A nova onda de reproduções assistidas provocou, assim, uma turbulência nos nossos valores, crenças e representações sobre a filiação, além de uma reviravolta na representação da relação entre natureza e cultura (ARÁN, 2003). Pode-se mesmo falar em uma “revolução familiar” na contemporaneidade (TORT, 2007), pois o pai foi expulso de seu sacerdócio familiar e doméstico, e a concepção dos laços familiares e da sexualidade passam a depender da vontade dos indivíduos.

A partir dos anos 90, essa revolução se acentua e complexifica, a partir dos debates centrados nas formas de reconhecimento da união de casais homossexuais e no seu acesso à filiação, e nas demandas de mudança de sexo feitas pelos transexuais. Surgem polêmicas sobre as normas sexuais no quadro das estruturas da filiação e tentativas concretas de abalar e subverter a dominação da ordem heterossexual. Essas transformações dissociam quatro

elementos até então indissociáveis (CADORET, 2002): filiação, casamento, procriação e sexualidade.

Por fim, também faz parte dos debates contemporâneos uma interrogação sobre a sexualidade dos pais, especificamente sobre o tema das violências conjugais, do incesto e da pedofilia. Juntos, os movimentos antiautoritário, feminista, de minorias sexuais e de denúncia da violência paterna desmontam os elementos que compõem o pai do patriarcado (TORT, 2007): o poder, o exercício da dominação masculina, o controle da reprodução, a definição e a garantia das normas sexuais, o monopólio da atribuição da filiação e do nome, o domínio da relação entre a mãe e a criança, e o exercício da violência sexual sobre elas.

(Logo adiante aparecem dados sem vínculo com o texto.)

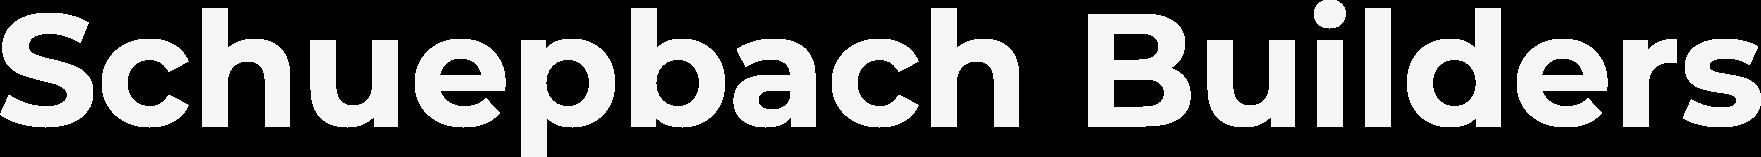 Schuepbach Builders

No que diz respeito à atribuição do nome, vale destacar duas mudanças ocorridas na legislação francesa, após a substituição da autoridade paterna pela autoridade parental, que aconteceu, como vimos, em 1970. A primeira foi a autorização em 1985 de que na certidão de nascimento de uma criança fosse acrescentado o sobrenome da mãe após o sobrenome do pai, até então o único passível de registro. Ainda assim, esse sobrenome materno só tinha título de uso e não podia ser transmitido pelo indivíduo posteriormente a seus filhos.

Somente em 2001 outra proposição de lei foi aprovada permitindo então aos pais darem aos filhos o sobrenome da mãe, do pai, ou os dois, e na ordem em que preferirem. Também a regra de só o pai transmitir seu sobrenome foi abolida, em nome do respeito aos princípios de igualdade entre as mulheres e os homens e do princípio da não-discriminação em função do sexo inscrita na Convenção Europeia dos Direitos do Homem (TORT, 2001). Conforme veremos no capítulo 4, essas leis ainda suscitam polêmicas e críticas conservadoras por parte de psicanalistas.

A partir desses fenômenos e transformações podemos afirmar, acompanhando Arán (2009), que se configura hoje um território novo para se pensar a diferença sexual, onde fronteiras até então rígidas, como a entre homem (público) e mulher (privado), tendem a se deslocar e se reorganizar de outros modos.